3个家系总SGR及各个阶段(S1、S2、S3和S4) SGR见图 1。N310004家系生长最快,总SGR达(9.79± 0.22)%,显著高于其他家系(P < 0.05)。除S2和S3阶段外(N310004家系SGR与N310011家系无显著性差异),其他阶段N310004家系的SGR都显著高于其他2个家系(P < 0.05)。

图 1 凡纳滨对虾不同家系在不同阶段的特定生长率 Fig.1 Specific growth rate of different families L. vannamei at different stages 大写字母表示同一阶段不同家系差异显著(P < 0.05),小写字母表示相同家系不同阶段差异显著(P < 0.05)。 Uppercase letters represent significant difference between different families at the same stage, while lowercase letters represent significant difference between the same family at different stages (P < 0.05).
2.2 能量收支 2.2.1 凡纳滨对虾生物学指标

能量收支实验中3个家系的凡纳滨对虾生物学指标见表 1,在S2、S3和S4时期,N310004家系的体长、体重和干重3个生物学数据均显著高于家系N310010和N310011。

表 1 不同阶段下各家系生物学指标 Tab.1 Biological indexes of L. vannamei families at different stages
2.2.2 摄食率(FR)

温度对不同家系凡纳滨对虾FR的影响见图 2。

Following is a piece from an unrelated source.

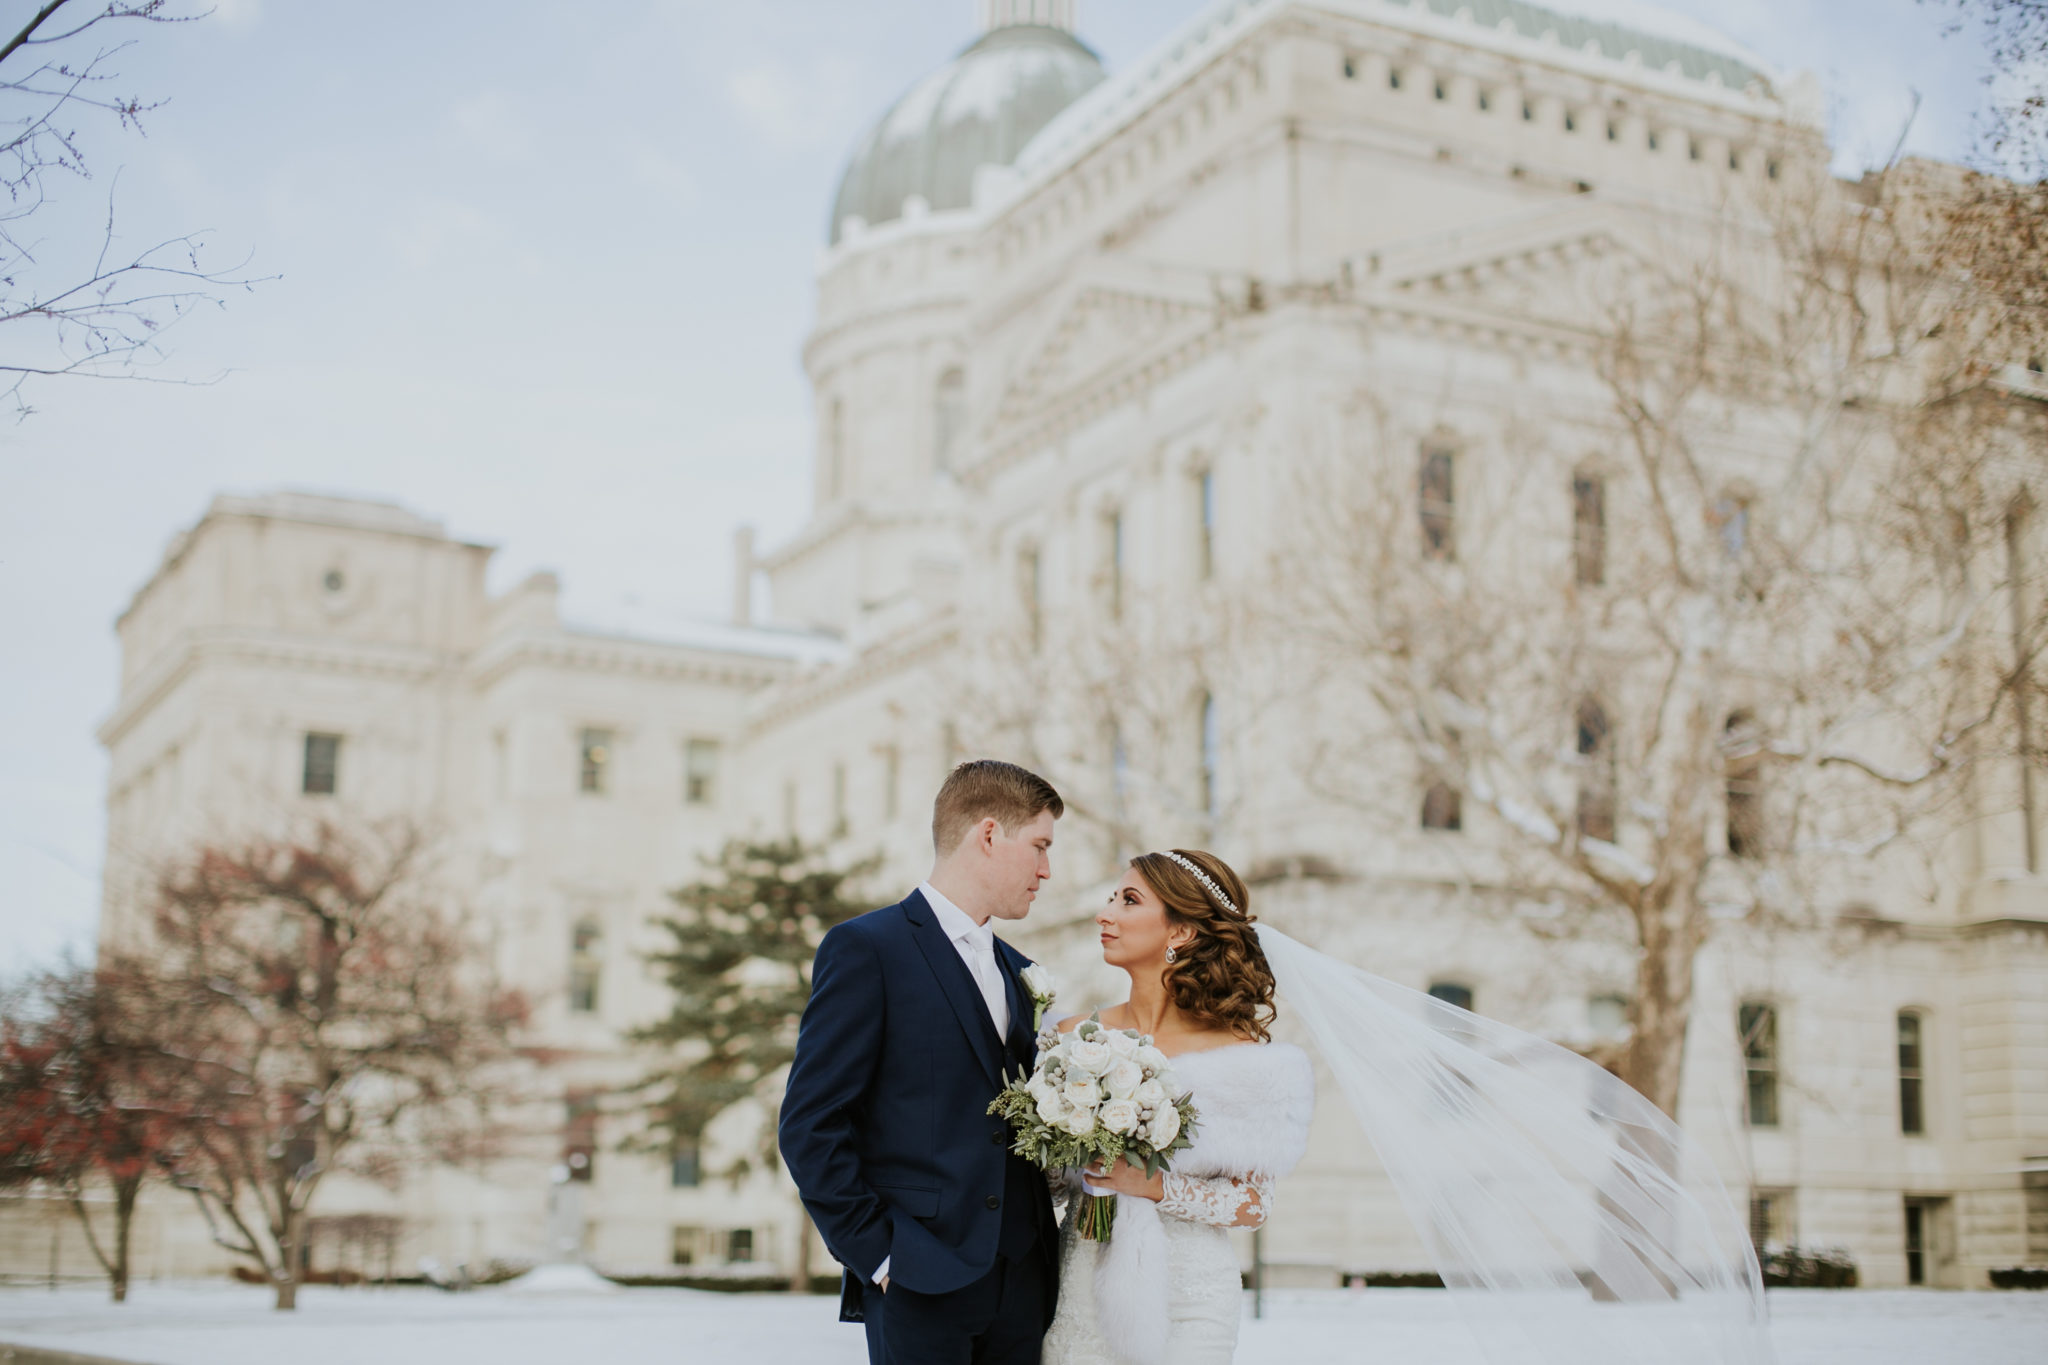 Wedding Photo of Groom and Bride in front of Indiana Statehouse in Winter with Snow on Ground

从图 2可以看出,随着温度的升高,3个家系在同一时期的FR显著升高,均在35℃时达到最大值。在不同时期,3个家系的FR差异显著(P < 0.05)。S1时期在20 ℃时,N310004家系的FR显著高于其他2个家系;在25~35 ℃时,N310011家系的FR显著高于其他家系。在S2、S3和S4时期,N310004家系的FR均显著高于其他2个家系。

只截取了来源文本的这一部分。